Small changes that I am making in 2011 to help me reduce my stress (and my weight – it is all linked) include:

– trying to de-gluten-ify my diet as much as possible. I recently read Eat Right For Your Type (finished it in an hour, I was enthralled) and it made complete sense. I am an 0 blood type, which is the oldest blood type, the hunter. The hunter thrives on meat and vegetables – there was no dairy or wheat products around in those days. While I am not going to be one of those “I can’t eat anything but air” type people, I am striving to only put things that make me feel good into my body

– exercise because I want to, not because I have to. I tried my first Body Attack class a couple of weeks ago and I am addicted to the high it gives me!

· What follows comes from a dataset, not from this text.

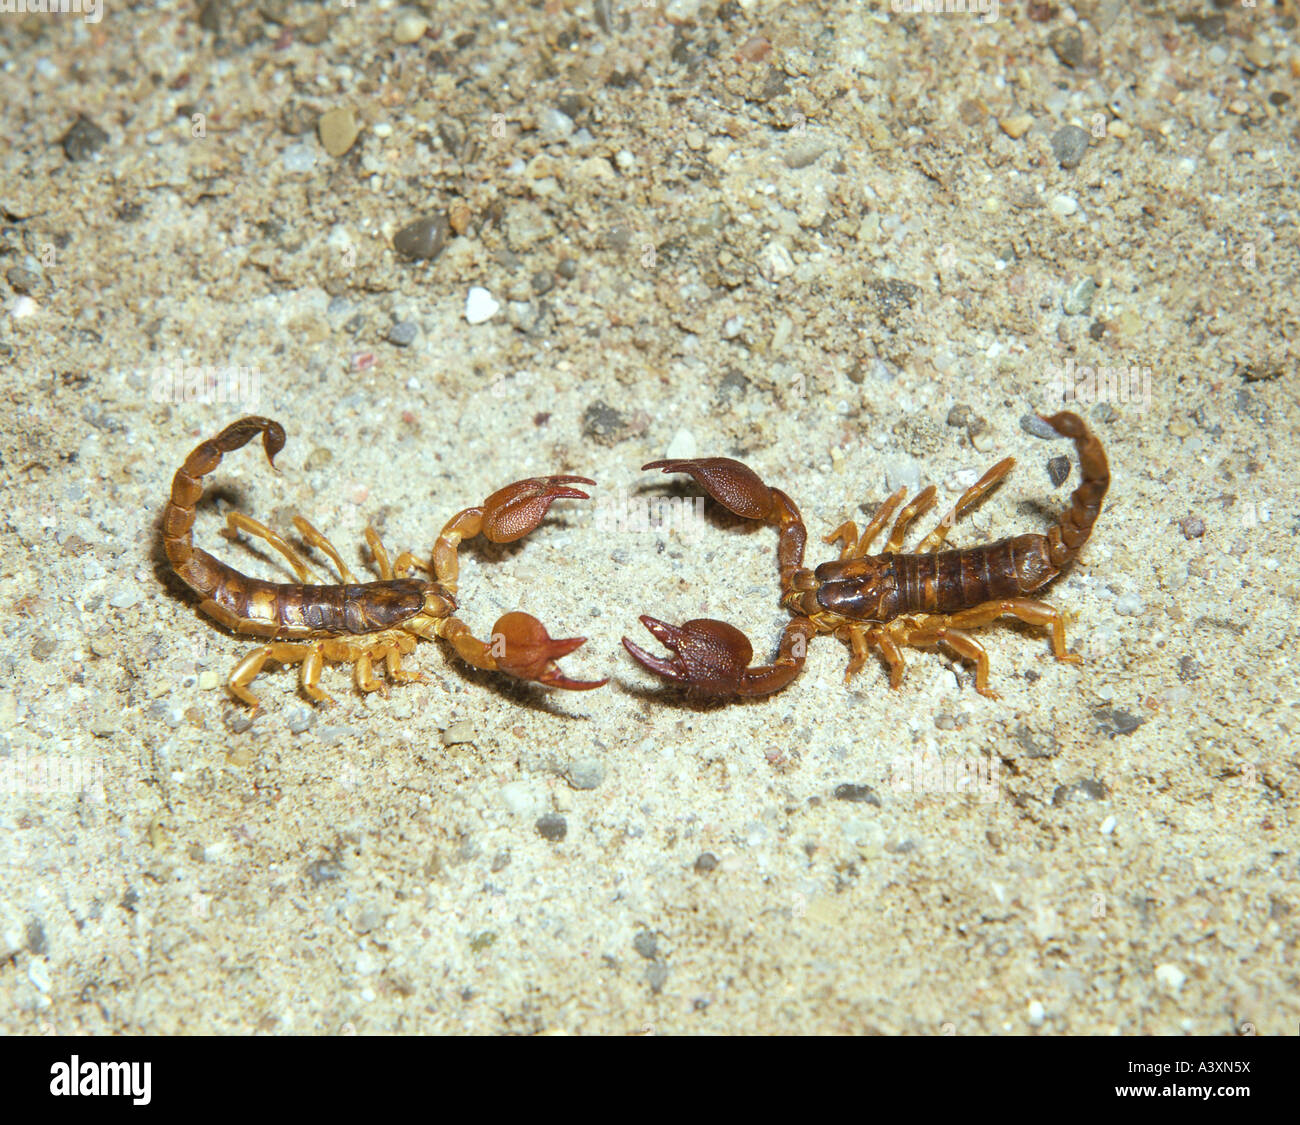 zoology /animals, arachnid, scorpions, Common European scorpion, (Buthus occitanus), two scorpions in fight pose, distribution: Stock Photo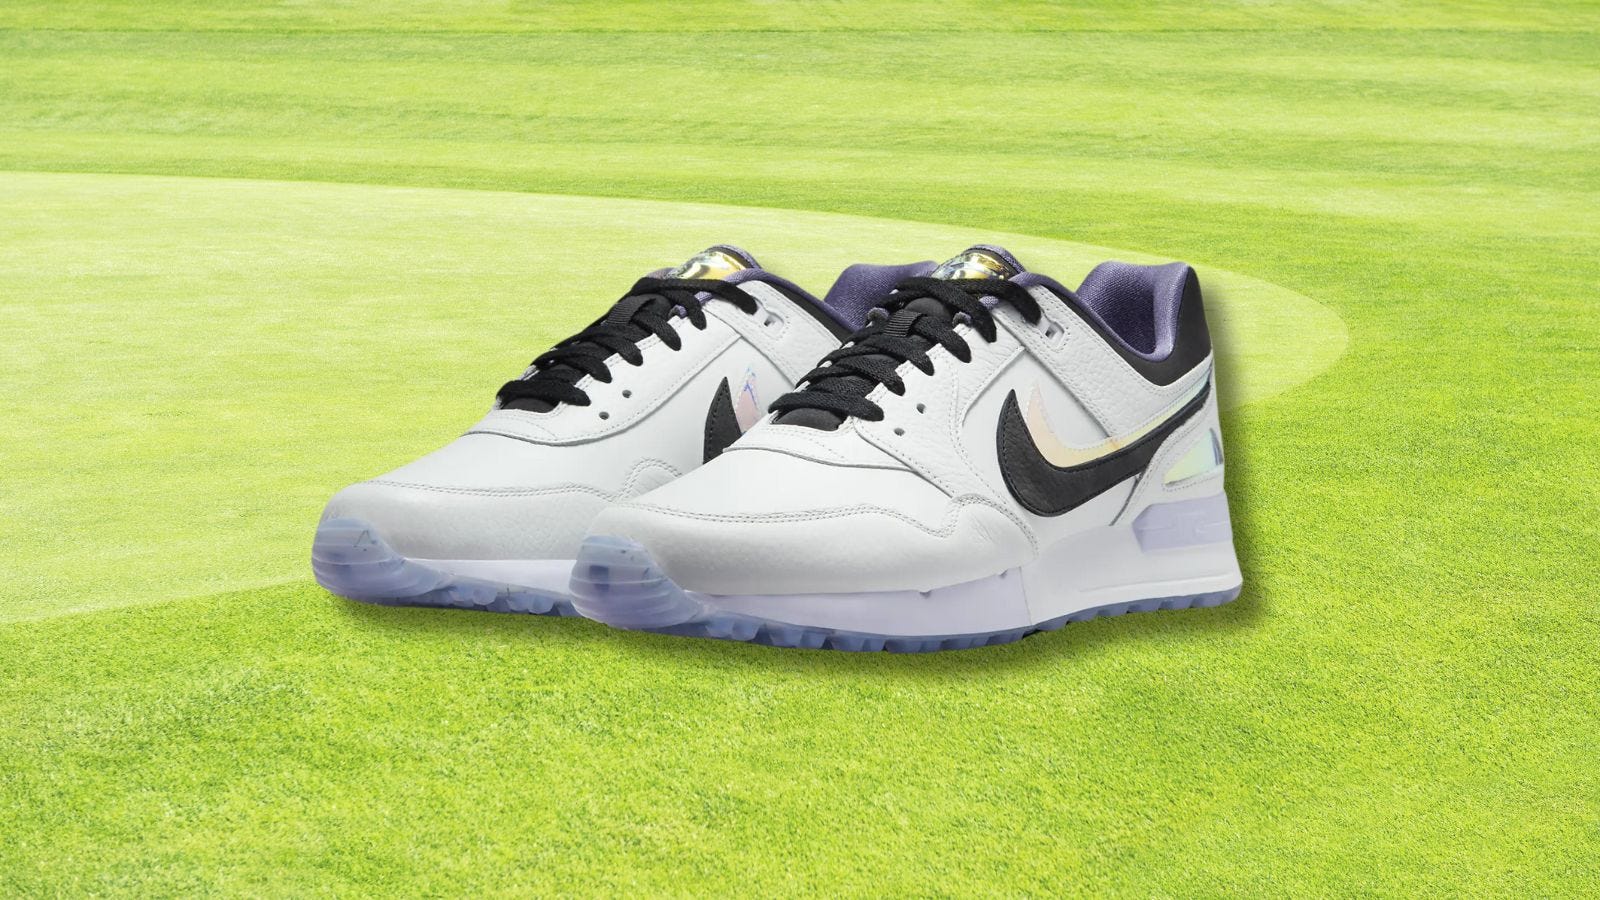 pair of nike air pegasus 89 g nrg golf shoes set against a golf green background

I have joined the work dragon boating team and I can’t wait for the festival in March when we compete. I have signed up for round the bays and I plan to RUN the whole 7km! Training so far is going well

– after being a lacklustre Weight Watchers online member, I took the full plunge and reset all my stats and am going hard on the food tracking (the new iPhone app makes everything so much easier). I have started going to meetings and am making my weekly weigh in a priority and something I look forward to! This week has been particularly awesome – a bunch of us who are on twitter started a private facebook group and the sharing and motivation that has come from that small group of like minded people has really got me going! I am going to be a success and nail this weight gain on the head!

– reducing stressors, and increasing stress-relievers. The biggest thing I have done in 2011 so far has been giving up coffee. I loved my daily coffee – but coffee spikes cortisol levels, so I have switched to Green Tea (I don’t drink normal tea either). I am still allowing myself a soy latte as an absolute treat every now and then – but have only done that once in three weeks!

So there we have it, 2011 means freeing my mind of stress, and freeing my body of the weight it has gained.